The short, short version of this rather long and complicated story is that Modern Philosophy started with Descartes’ work Discourse on Method, though it was put forward better in Meditations on First Philosophy. In those works, Descartes began by doubting literally everything and seeing if he could trust anything. Thus he started with the one thing he found impossible to doubt—his own existence. It is from this that we get the famous cogito ergo sumI think, therefore I am.

The problem is that Descartes had to bring in God in order to guarantee that our senses are not always being confused by a powerful demon. In modern parlance we’d say that we’re not in The Matrix. They mean the same thing—that everything we perceive outside of our own mind is not real but being projected to us by some self-interested power. Descartes showed that from his own existence he can know that God exists, and from God’s existence he can know that he is not being continually fooled in this way.

The problem is that Descartes was in some sense cheating—he was not doubting that his own reason worked correctly. The problem is that this is doubtable, and once doubted, completely irrefutable. All refutations of doubting one’s intellect necessarily rely on the intellect being able to work correctly to follow the refutations. If that is itself in doubt, no refutation is possible, and we are left with radical doubt.

And there is only one thing which is certain, in the context of radical doubt: oneself.

To keep this short, without the senses being considered at least minimally reliable there is no object for the intellect to feed on, but the will can operate perfectly well on phantasms. So all that can be relied upon is will.

After Descartes and through Kant, Modern Philosophers worked to avoid this conclusion, but progressively failed. Kant killed off the last attempts to resist this conclusion, though it is a quirk of history that he could not himself accept the conclusion and so basically said that we can will to pretend that reason works.
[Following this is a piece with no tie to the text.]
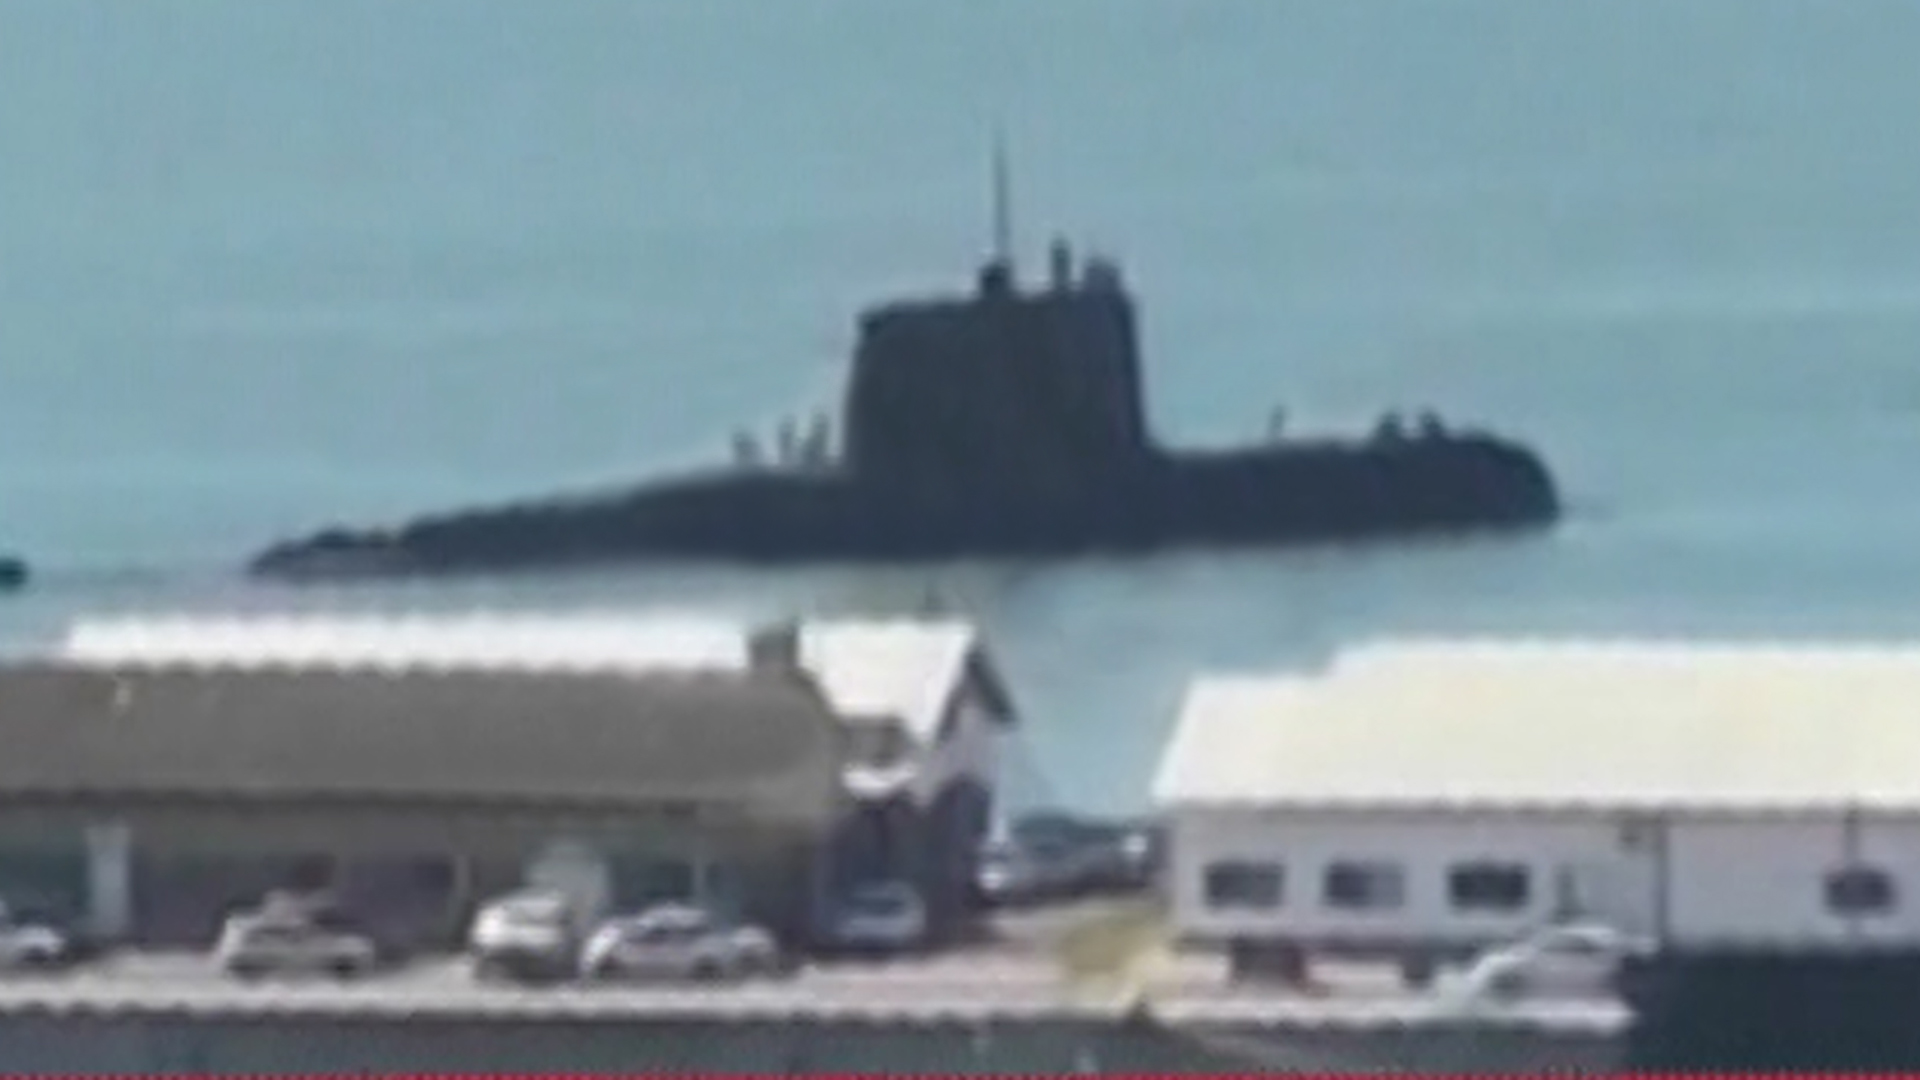 El submarino ARA San Juan y sus 44 tripulantes, zarparon de la Base Naval de Mar del Plata el 24 de octubre de 2017 y no regresaron más. Sus restos fueron encontrados a unos 900 metros de profundidad el 17 de noviembre de 2018.

Nietzsche pointed out how silly willing to pretend that reason works is, and Modern Philosophy has, for the most part, given up that attempt ever since. (Technically, with Nietzsche, we come to what is called “post-modernism”, but post-modernism is just modernism taken seriously and thought out to its logical conclusions.)

Now, modern people who are Modern have not read Descartes, Kant, or Nietzsche, of course, but these thinkers are in the water and the air—one must reject them to not breathe and drink them in. Modern people have not done that, so they hold these beliefs but for the most part don’t realize it and can’t articulate them. As Chesterton observed, if a man won’t think for himself, someone else will think for him. Actually, let me give the real quote, since it’s so good:

…a man who refuses to have his own philosophy will not even have the advantages of a brute beast, and be left to his own instincts. He will only have the used-up scraps of somebody else’s philosophy…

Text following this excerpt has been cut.